Once there she was admitted promptly into the throne-room, the very place where the King of Rohan spoke to her about her husband's death. And this time she looked about carefully, especially in the dark places of the room since she now knew Legolas was capable of melting into the shadows, but either he was concealed so well she could not discern him, or he was not present. Otherwise, the room was filled with the living paraphernalia that usually cluttered such a place, courtiers and petitioners and some officials she vaguely recognized and thought might have to do with the City's reconstruction efforts. She glimpsed both the Elf lords in their same corner, but no longer wondered at their presence, for she knew now, as all in the city knew, that the King had been fostered by their father, and despite the millennia between them they were brothers of a sort.
The King was just finishing with one person, who was clutching an official-looking scroll that he appeared very pleased with, when Terisda's presence was announced. He held up a hand for her to approach, and she cast an apologetic look at the officials whose turn she usurped, and came forward, and bowed before him. The King gazed down at her, and there was a spark of humor in his gray eyes, and he made no attempt to lower his voice when he spoke to her.

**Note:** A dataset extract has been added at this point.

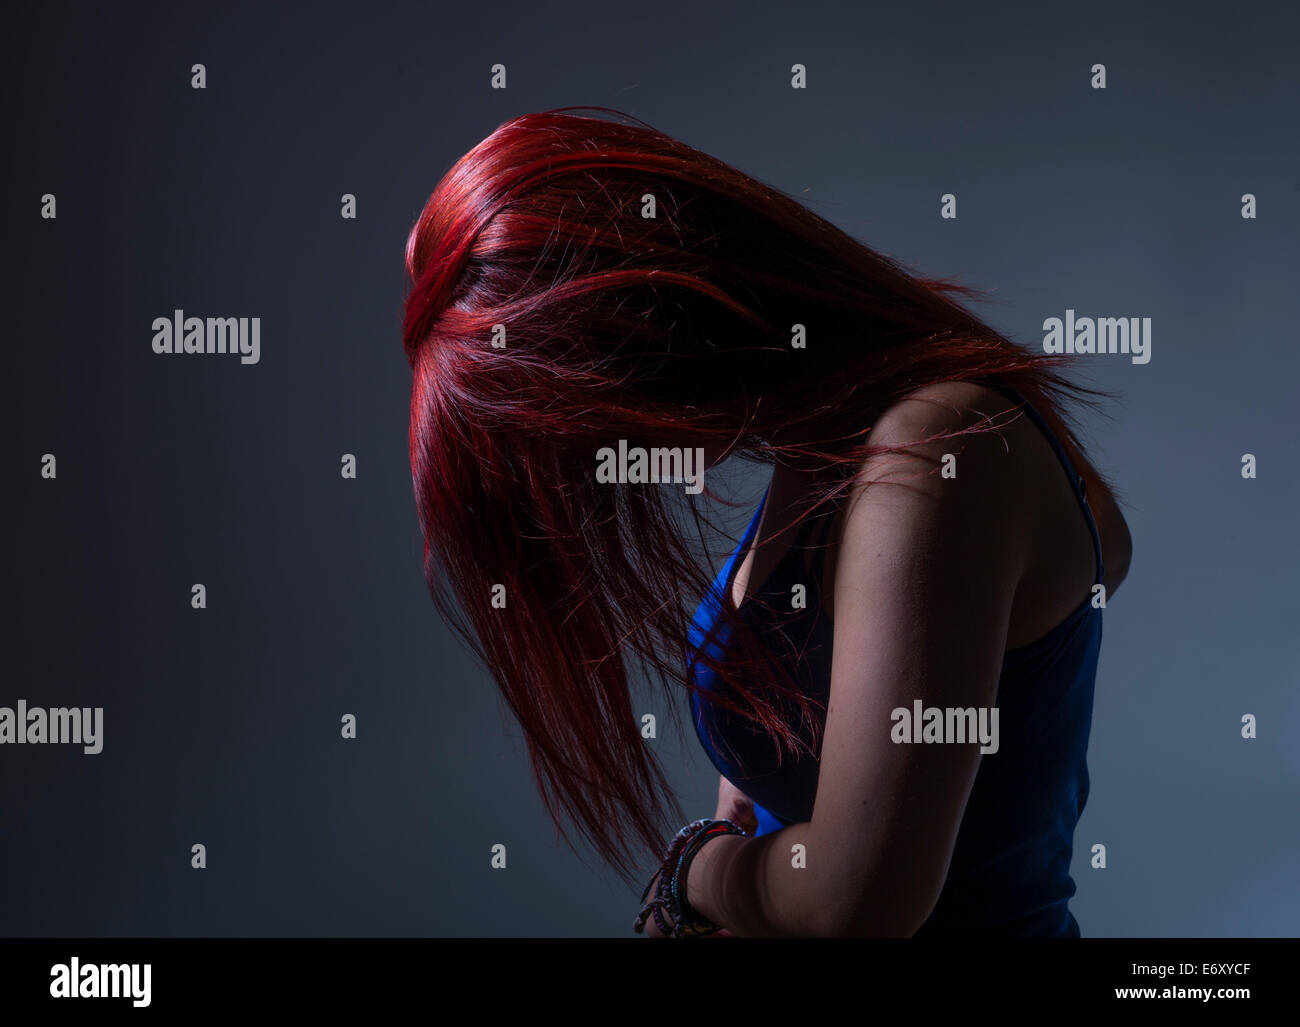 Traurigkeit / Depression: ein junge Frau Teenager-Mädchen im Profil mit gefärbten leuchtend roten Haaren, Kopf neigte verdecken ihr Gesicht, UK Stockfoto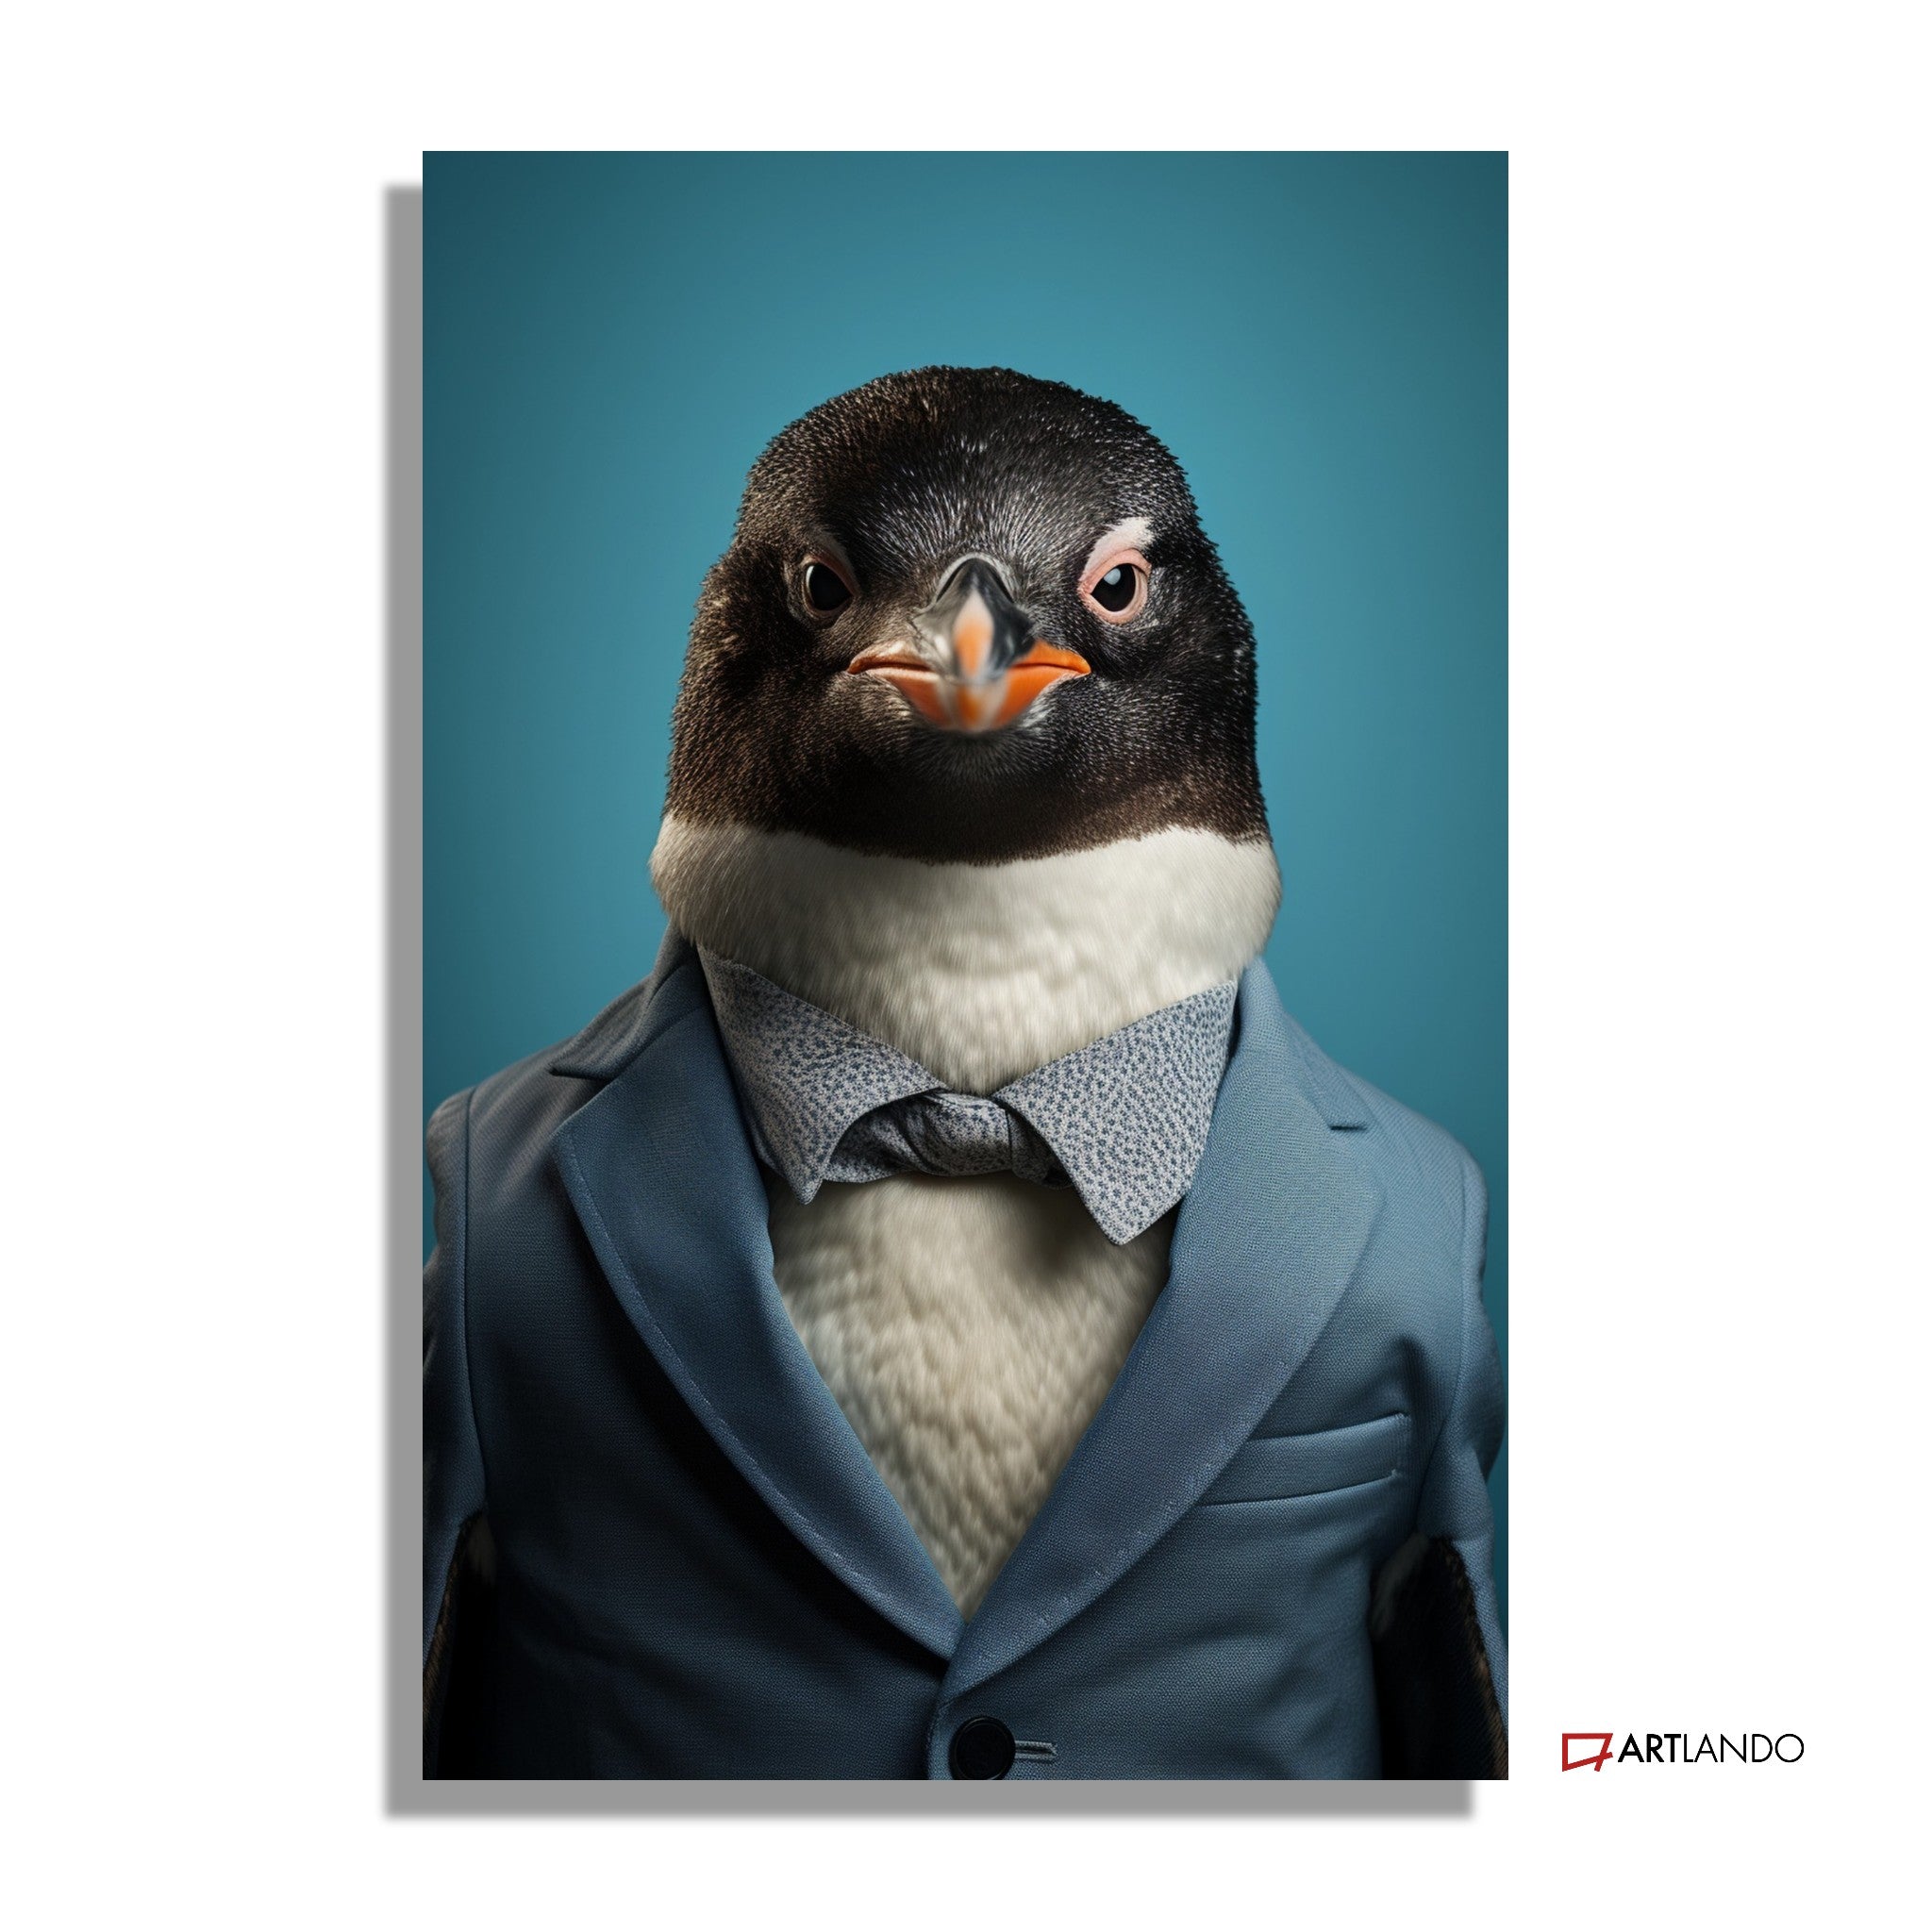 Pinguin als Geschäftsmann in blauem Anzug

"I have come to a decision, which I have already discussed with Lord Hiranion, and although he had some concerns," the King smiled, and Terisda was brought sharply to mind that he was a warrior, with a warrior's cruel edge to his words at times, "when need be I can be very -- persuasive.
"This is my judgment, and whether it be gift or doom for you, only time will tell. Your father's house, Culumaldas, is now your house, and your father's lands are now your lands, and they are to remain your lands, whether or not you bear a son, whether or not you remarry. If you have a daughter rather than a son, then they will be her lands, and the same conditions will apply to her. If you are blessed with a son, then Hirgon's lands will fall to him upon his majority, but you will have the management of them until then. This is what Lord Hiranion most argued against, for he thought these duties would overtax you;" (here Terisda barely restrained a snort); "but the new Prince of Ithilien spoke most elegantly on your behalf in this, and my foster brothers were able to add many historical instances where women of Numenor managed large estates quite well, and so swayed me."
She stared up at him in amazement, and when he held out a rolled parchment to her she was motionless for a brief moment before snatching it and holding it clenched to her breast. The King motioned to her to rise, and was turning from her, when she finally found her voice. He turned back politely at her first stammer, but there was a touch of impatience about him, and she cut short her thanks and impulsively asked for a boon. "Sire, I believe Lord Hiranion may be much assuaged if my husband's house in the second circle is sundered from the first-born's inheritance and deeded to him and his heirs. I assure you, Hirgon would not mind."
The King looked at her with amusement, and nodded, and someone nearby scribbled furiously on a parchment. Then he turned from her again, and she was left with her child's future tightly clutched in her hands.
She glanced surreptitiously about the room one last time as she departed, but still did not espy Legolas, and for that she was as much relieved as disappointed.
Whether he was present that day or not, she never did discover.
It would be thirty years before she saw him again.